Makhmud Tagirovich, who by then was teaching Dagestani history in one of the city’s universities, followed his half-brother’s example and hurled himself into the fray. He established open stock societies, created fictitious accounts under the names of his entire extended family, closed deals, went around telling everyone about his hopes and dreams,
and inevitably, lost money. Farida tormented him with accusations: her husband was ruined yet again, and meanwhile word had it that his brother’s storeroom was completely overgrown with “greenery.”

Farida suffered from both sides. Her own brother had privatized the cannery inherited from their father, taking a majority stake, which sent Farida into an abyss of abject spite.

Basically, the world was coming apart at the seams. Other people were raking in money hand over fist, but Makhmud Tagirovich lost out wherever he went; every enterprise ended in failure. He retreated into his study and puttered around with his novel. At one point he tried to establish a Dagestani historical research society, but was unable to pay the rent. Late one winter night a gang of masked strangers showed up on his doorstep, dragged him out of his house, shook him by his plump shoulders, beat him on the back of the head with a boathook, stuffed him into a culvert, and just left him there.
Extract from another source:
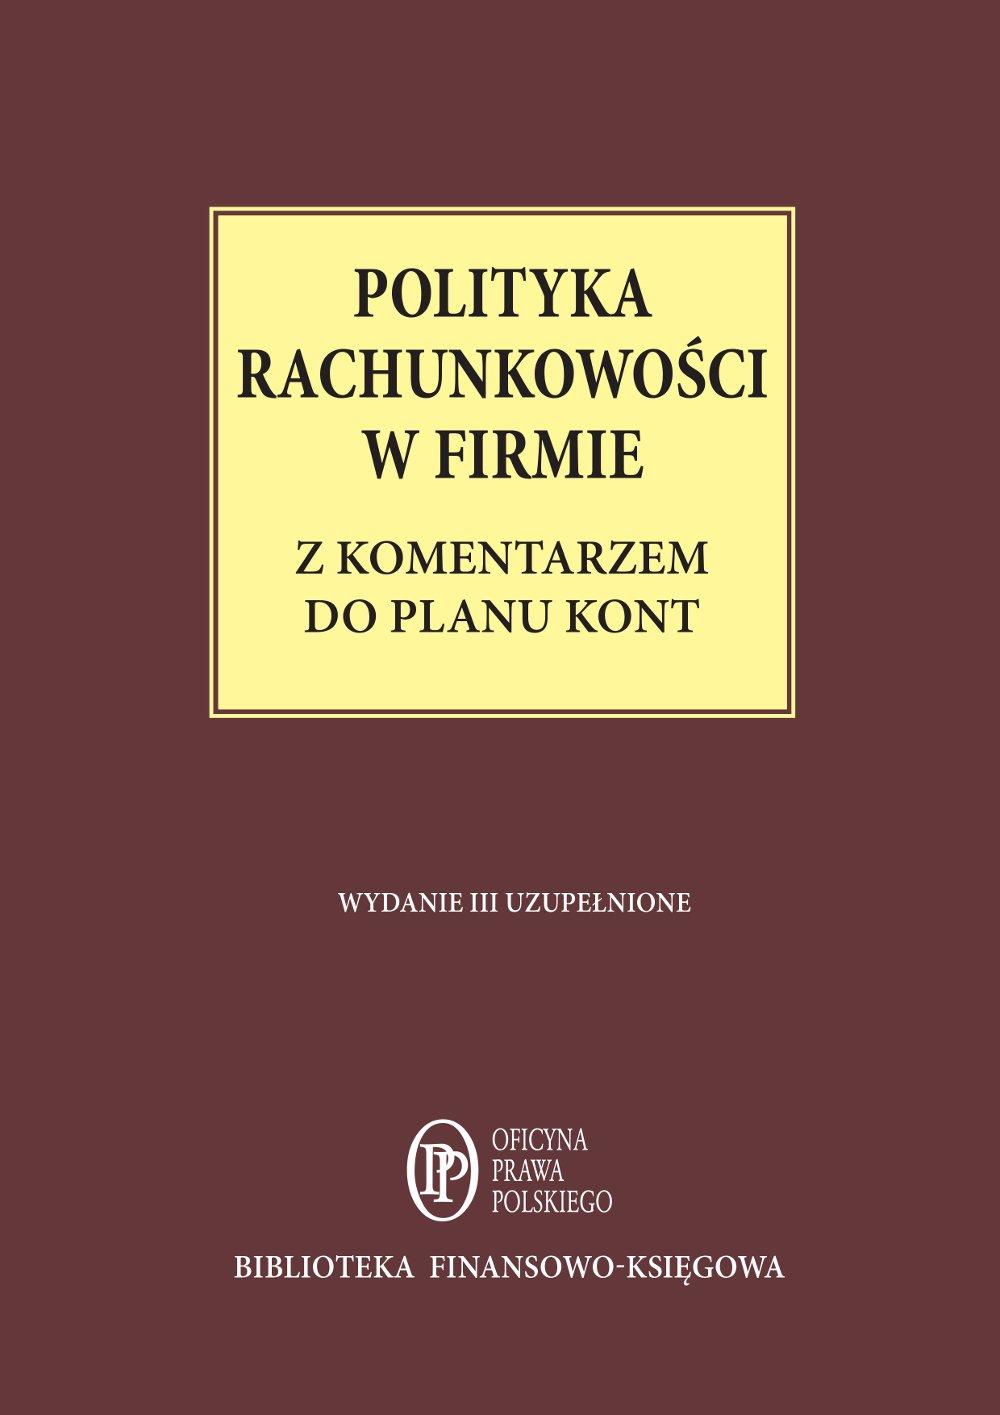 Polityka rachunkowości w firmie z komentarzem do planu kont - stan prawny: 1 lutego 2015 r. - Ebook (Książka EPUB) do pobrania w formacie EPUB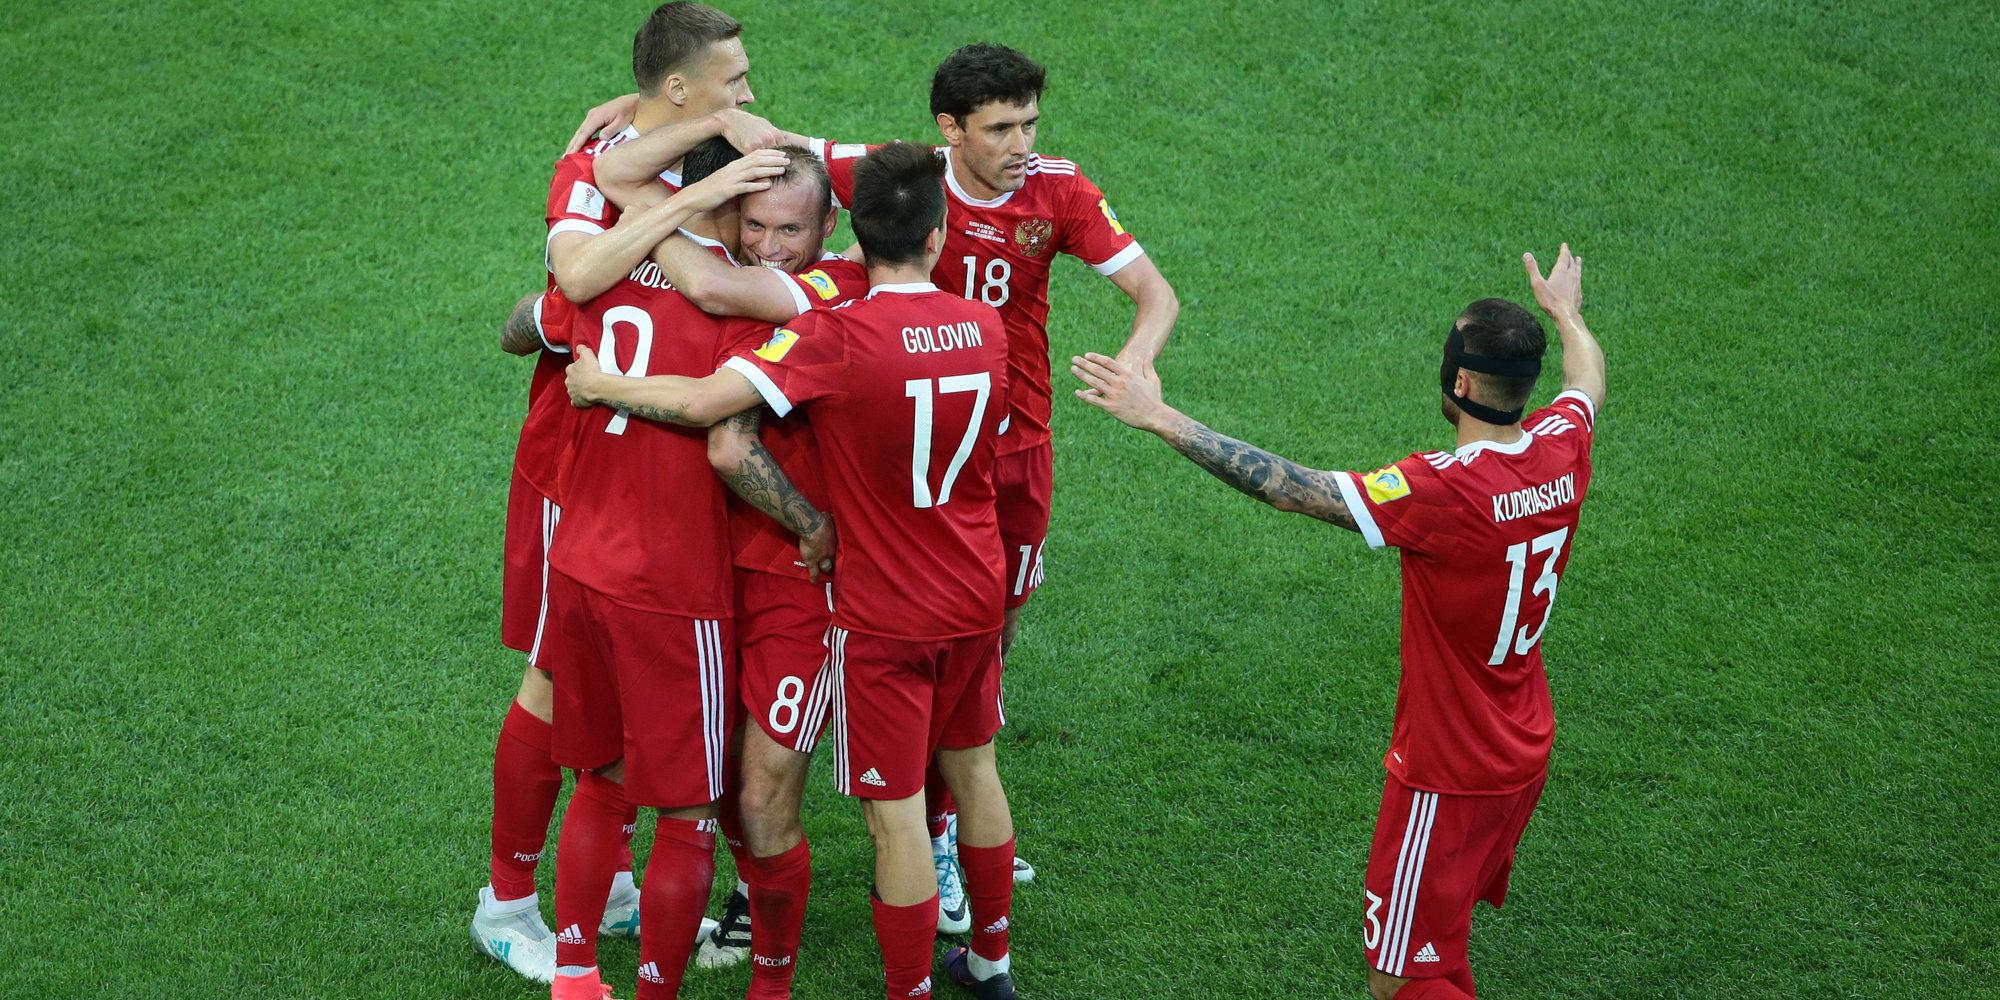 Португалия: Итальянский судья Рокки обслужит матч Кубка конфедерации Российская Федерация

They found Makhmud Tagirovich in the morning, frozen to the bone but still clinging to his presence of mind. His brother later used his special contacts to ferret out the culprits, and took revenge in some covert way that he wouldn’t talk about. And Farida had to reconcile herself to the fact that after Makhmud Tagirovich’s night in the culvert, he was unable to father any more children.

Several times she thought of running home to her mother, but each time her imagination depicted the scene in horrible detail: her sister-in-law, draped in sables, pursing her lips in contempt and pity for her, a hapless divorcée. So Farida stayed.

His novel took on new twists and turns, but Makhmud Tagirovich could never manage to get the ending right: he couldn’t marshal all his characters and herd them into his triumphant culminating scene.
And at home it was one thing after another. His son’s teachers were demanding money and gifts, and Farida was constantly feuding with Makhmud Tagirovich’s stepmother.

“That she-reptile’s son has five buildings in Pervukha, Makhmud,” she would whine in the evenings, “but she insists on living with us, and she won’t even sign over your father’s apartment!”

Ultimately Farida won out, and the stepmother was banished. But her place was filled in due time by their son’s young wife, a woman with an inflexible character and an enterprising spirit. She opened up a storefront where she sold cheap Turkish clothing, and Makhmud Tagirovich’s son took on the role of courier, errand boy, and shop assistant.

Farida grumbled under her breath. “I didn’t go to the trouble of getting my son an education so that he could run around delivering bags of garbage.”